KATADATA - Aturan mengenai ketentuan dan tata cara penetapan alokasi dan pemanfaatan serta harga gas bumi mulai mendapat sorotan. Peraturan Menteri Energi dan Sumber Daya Mineral (ESDM) Nomor 06 tahun 2016 yang diterbitkan pekan lalu itu dianggap bisa membuka praktik perburuan rente.

Mantan anggota Tim Reformasi Tata Kelola Minyak dan Gas Bumi (Migas) Fahmi Radi mengatakan aturan ini membuka peluang penjualan berjenjang antar pelaku usaha distribusi (trader). Sehingga memunculkan adanya pemburu rente dan rantai distribusi makin panjang.

Ujung-ujungnya konsumen bisa dirugikan karena harga bisa makin tinggi. “Pasal 12 itu masih memungkinkan bagi makelar untuk ambil rente dalam menyalurkan gas ke konsumen,” kata Fahmi Radi kepada Katadata, Kamis (17/3). (Baca: Pemerintah Akan Periksa Infrastruktur Pedagang Gas)

Pada pasal 12 Permen 6/2016 dinyatakan bahwa alokasi gas yang telah didapat badan usaha untuk dijual kepada badan usaha lain. Pemerintah mengizinkan hal ini jika sebagian gas yang sudah dialokasikan belum dapat tersalurkan kepada industri pengguna. Alokasi tersebut dapat dijual kepada badan usaha yang memiliki atau menguasai infrastruktur pipa penyalur kepada pengguna akhir dengan harga wajar.

Fahmi yang juga seorang Dosen Universitas Gadjah Mada (UGM) ini juga menyoroti peran Satuan Kerja Khusus Pelaksana Kegiatan Usaha Hulu Minyak dan Gas Bumi (SKK Migas). Dalam aturan tersebut Kepala SKK Migas memiliki tugas memberikan pertimbangan kepada Menteri ESDM. Kewenangan inilah yang dinilai rawan terjadinya “kongkalikong”. Apalagi kewenangan SKK Migas menjadi terlalu besar. (Baca: Trader Ancam Gugat Aturan Menteri ESDM Soal Alokasi Gas)

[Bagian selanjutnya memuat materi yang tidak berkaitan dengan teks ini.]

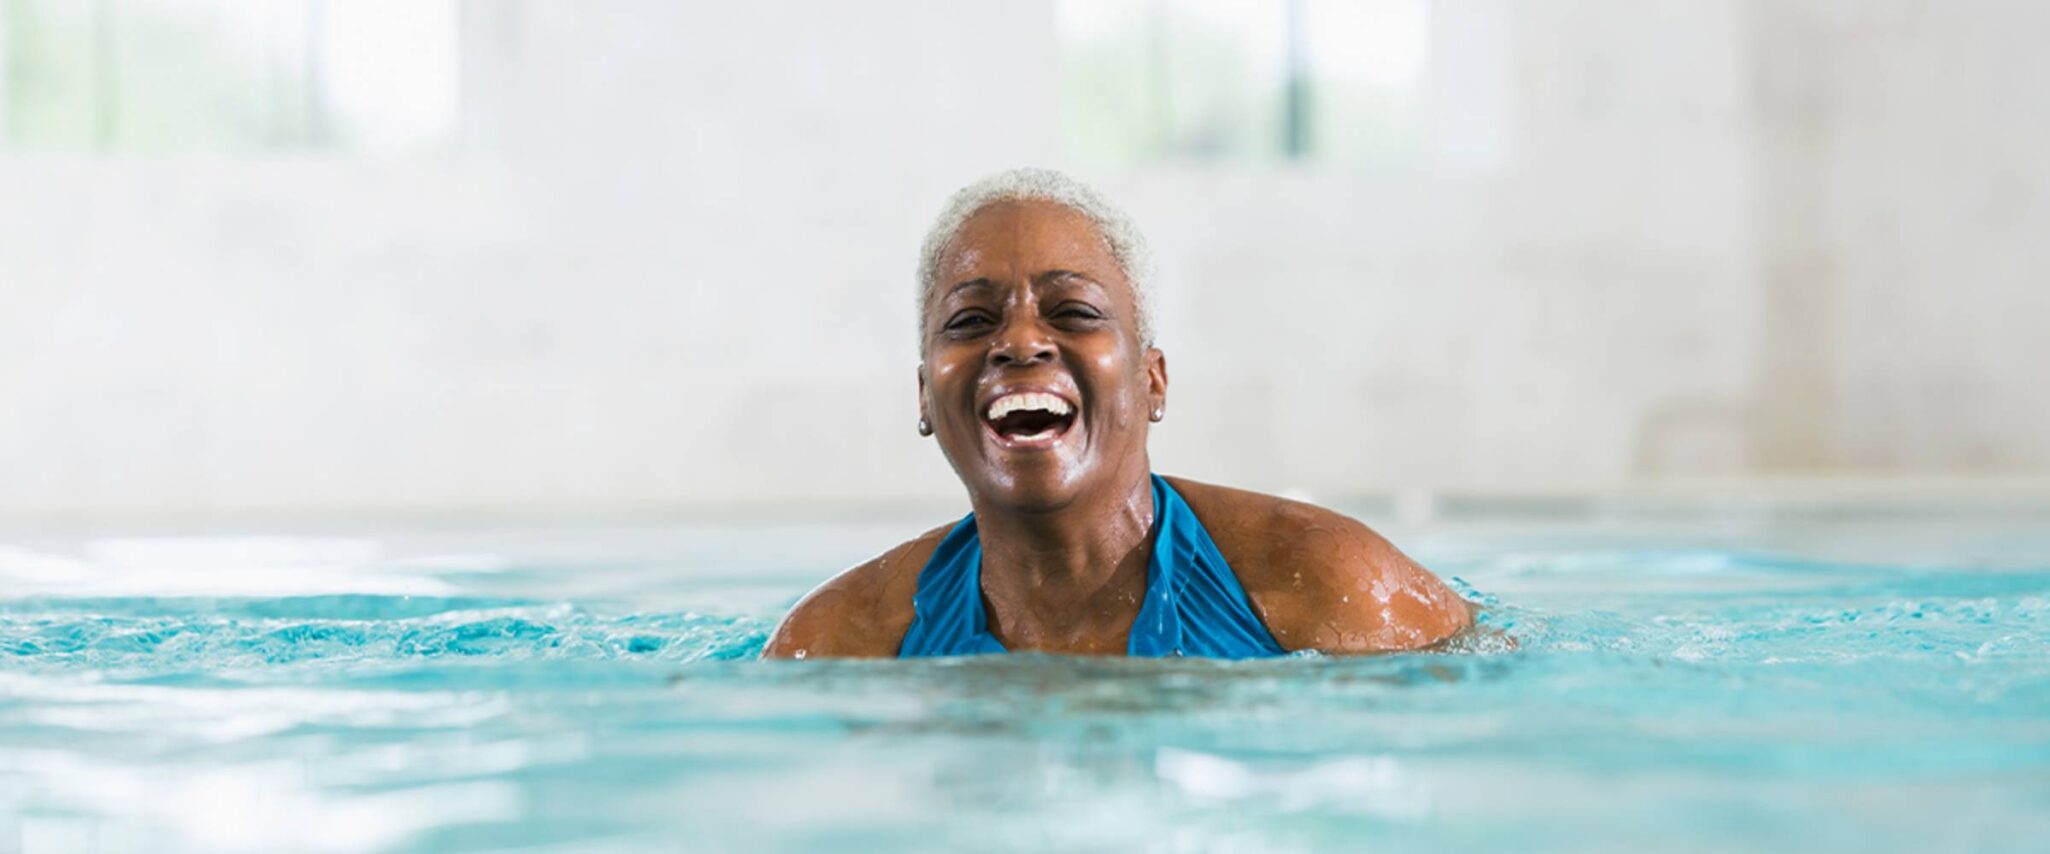 A senior woman smiles while swimming in a salt water pool

Semestinya kewenangan SKK Migas dibatasi hanya dalam memutuskan keputusan strategis di sektor hulu untuk eksplorasi dan eksploitasi minyak dan gas bumi. Sedangkan keputusan di tingkat hilir, seperti alokasi migas seharusnya dihilangkan, karena sudah ada Badan Pengatur Hilir Minyak dan Gas Bumi (BPH Migas). Untuk itu dalam revisi Undang-Undang Minyak dan Gas Bumi harus benar diatur fungsi dari SKK Migas dan Badan Pengatur Hilir Migas.

Menanggapi hal ini, Direktur Jenderal Minyak dan Gas Bumi (Migas) Kementerian ESDM I.G.N. Wiratmaja Puja memiliki alasan kenapa pihaknya membolehkan trader menjual kembali alokasi gas yang belum dapat terserap. “Gas hanya boleh dijual ke yang lain jika tiba-tiba user-nya (pembelinya) bangkrut atau pembangunannya user-nya terlambat,” kata dia kepada Katadata. (Baca: Swasta Dapat Izin Jual Gas Bumi Asalkan Punya Infrastruktur)

Bisnis distribusi gas bumi ini memang sangat rawan adanya pemburu rente. Apalagi dengan adanya jatah alokasi untuk dalam negeri yang cukup besar. Data SKK Migas menyebutkan dari total produksi gas bumi 8,111 juta kaki kubik per hari (mmscfd) pada 2015, sekitar 55 persennya dialokasikan untuk dalam negeri

Pemanfaatan alokasi gas bumi dalam negeri paling banyak digunakan untuk industri 18,65 persen dan kelistrikan 13,86 persen. Selain itu, untuk industri pupuk 10,89 persen, LNG domestik 4,41 persen, elpiji domestik 3,12 persen, lifting minyak 3,99 persen, Bahan Bakar Gas transportasi 0,06 persen dan gas kota 0,03 persen. Sisanya untuk ekspor gas alam cair atau Liquefied Natural Gas (LNG) sebesar 32,1 persen dan gas pipa sebesar 12,9 persen.